Almourol floats on a tiny island in the river Tejo, rising like a dream over the calm waters. It was never attacked and today, is one of the purest castles to be found in terms of retaining its original design. Even before the arrival of the Romans, a fort was there and the Moors held the islet briefly. In 1171 Gualdim Pais and his fellow Templars were given the task to build a new castle to solidify the lines of the Tejo that they were defending. The result was an imposing castle that looked like a stone ship. It rises 18 meters high, and is 310 meter long and 75 meters wide.
With the total defeat of the Moors in 1249, Almourol lost its military importance, and was left to its river and the wind. Soon, legends and ghost stories were told about the place. But, sitting on an islet, vandals, stone thieves, and invading armies all left the castle alone, and it has survived intact to the present time. The castle’s plan is simple; one high keep is flanked by a wall on either side and one wall in the middle. A series of small round towers defend the walls, and a double castellated wall juts out like a prow to the east. A small boat carries the visitors to the island for a pittance. Eerie and silent, the enchanted isle remains a place of legends.
What remains of the Castle of Abrantes commands the valley of the Tejo, looming on the crest of a hill - making this city as an important military fortification.
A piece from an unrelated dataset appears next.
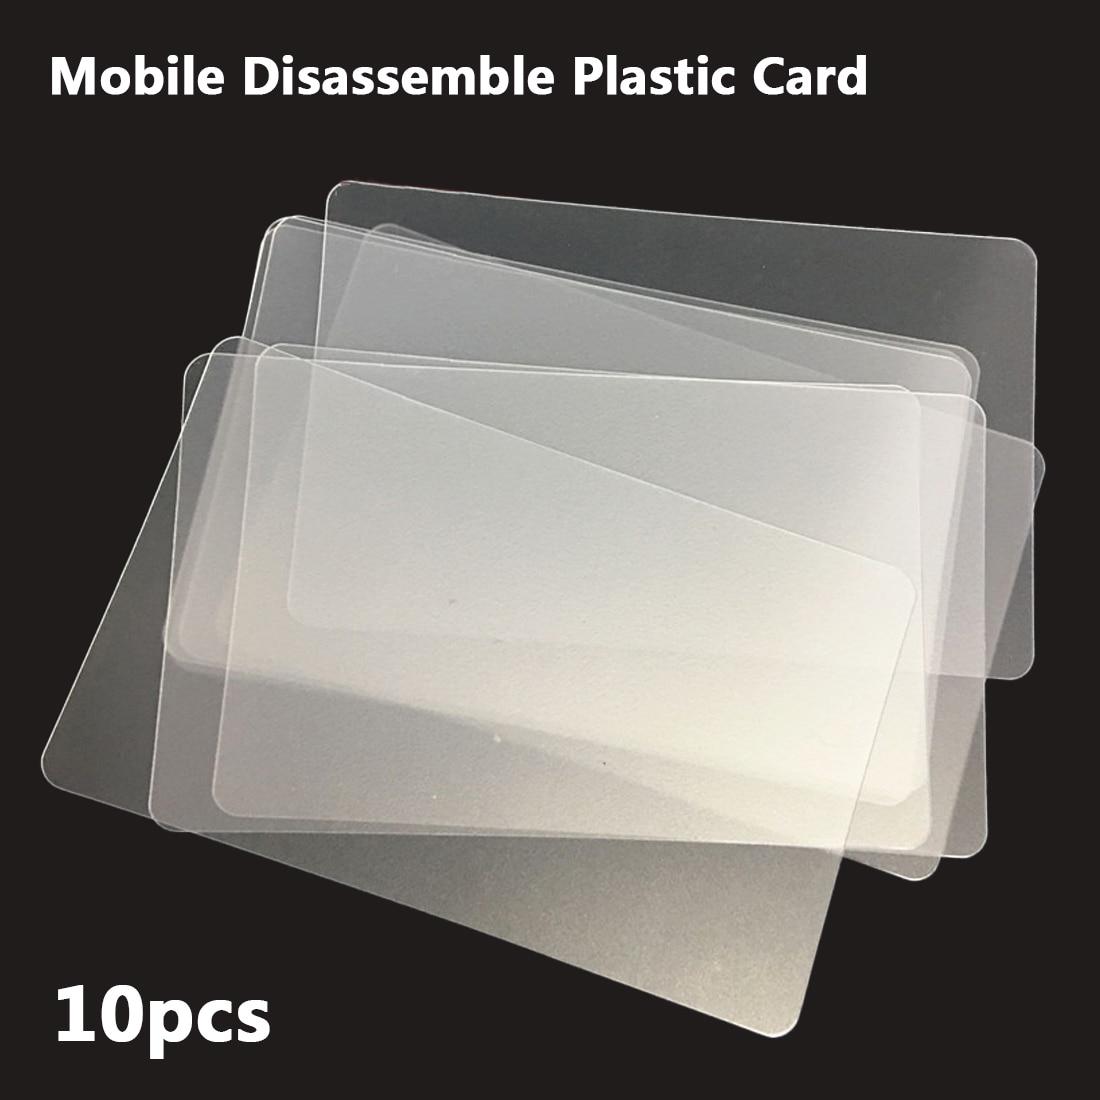 10pcs Plastic Card Pry Opening Scraper For IPhone IPad Tablet For Samsung Mobile Phone Glued Screen Repair Tool Hand Tool Set

The Romans called the town Aurantes - and it was taken from the Moors in 1172 and entrusted to the military Order of Saint James of Compostela where the massive walls of the castle were erected. Numerous battles took place here. Today, the semi-ruined keep holds a massive tablet to the Napoleonic Campaign of the early 19th century.
Lovely to view, is the definition of Belver. Legend has it that King D. Sancho I ordered the knights of St. John of the hospital to build a castle on a hill overlooking the Tejo River. In truth, D. Sancho’s job was not an easy one. He had to continue his father’s fight, against the Moors to the south, while keeping peace with the Castilians, and holding a defensive line at the Tejo River. To achieve the final part, he turned to religious military orders, and in 1194, the knights of St. John began to build their castle, which they defended until 1350, when the Order of Crato took on the task. The castle served as a base for attacks to the south, its high walls and impressive keep deterring Moorish assaults. Belver’s castle still dominates the highest hill on a green and yellow bank of the Tejo, with a small village in its lap. The fine walls, which are in good repair, circle the keep in the shape of a pear. The walls offer breathtaking views of the Tejo, and a sense as to how Belver got its name.
Amieira do Tejo
A perfect square, flanked by four towers, is the design of this unique castle. No other Portuguese castle shares its design, and none rises from the banks of a river with equal majesty. The castle was edified in the 14th century by Álvaro Gonçalves Pereira, a knight-turned-monk and father of the legendary Nuno Álvares Pereira. The order of the Hospitallers built this imposing castle between 1350-1360, as a defensive fort. The Castle of Amieira do Tejo is rather sophisticated for early gothic military architecture, with its regular, geometric plan, four towers on each angle. Today, its square-like design is unique. The well-preserved main tower offers several Gothic rooms, and the original cistern and parade square are well maintained. Amieira retains a bold view, and special setting that transcends the centuries.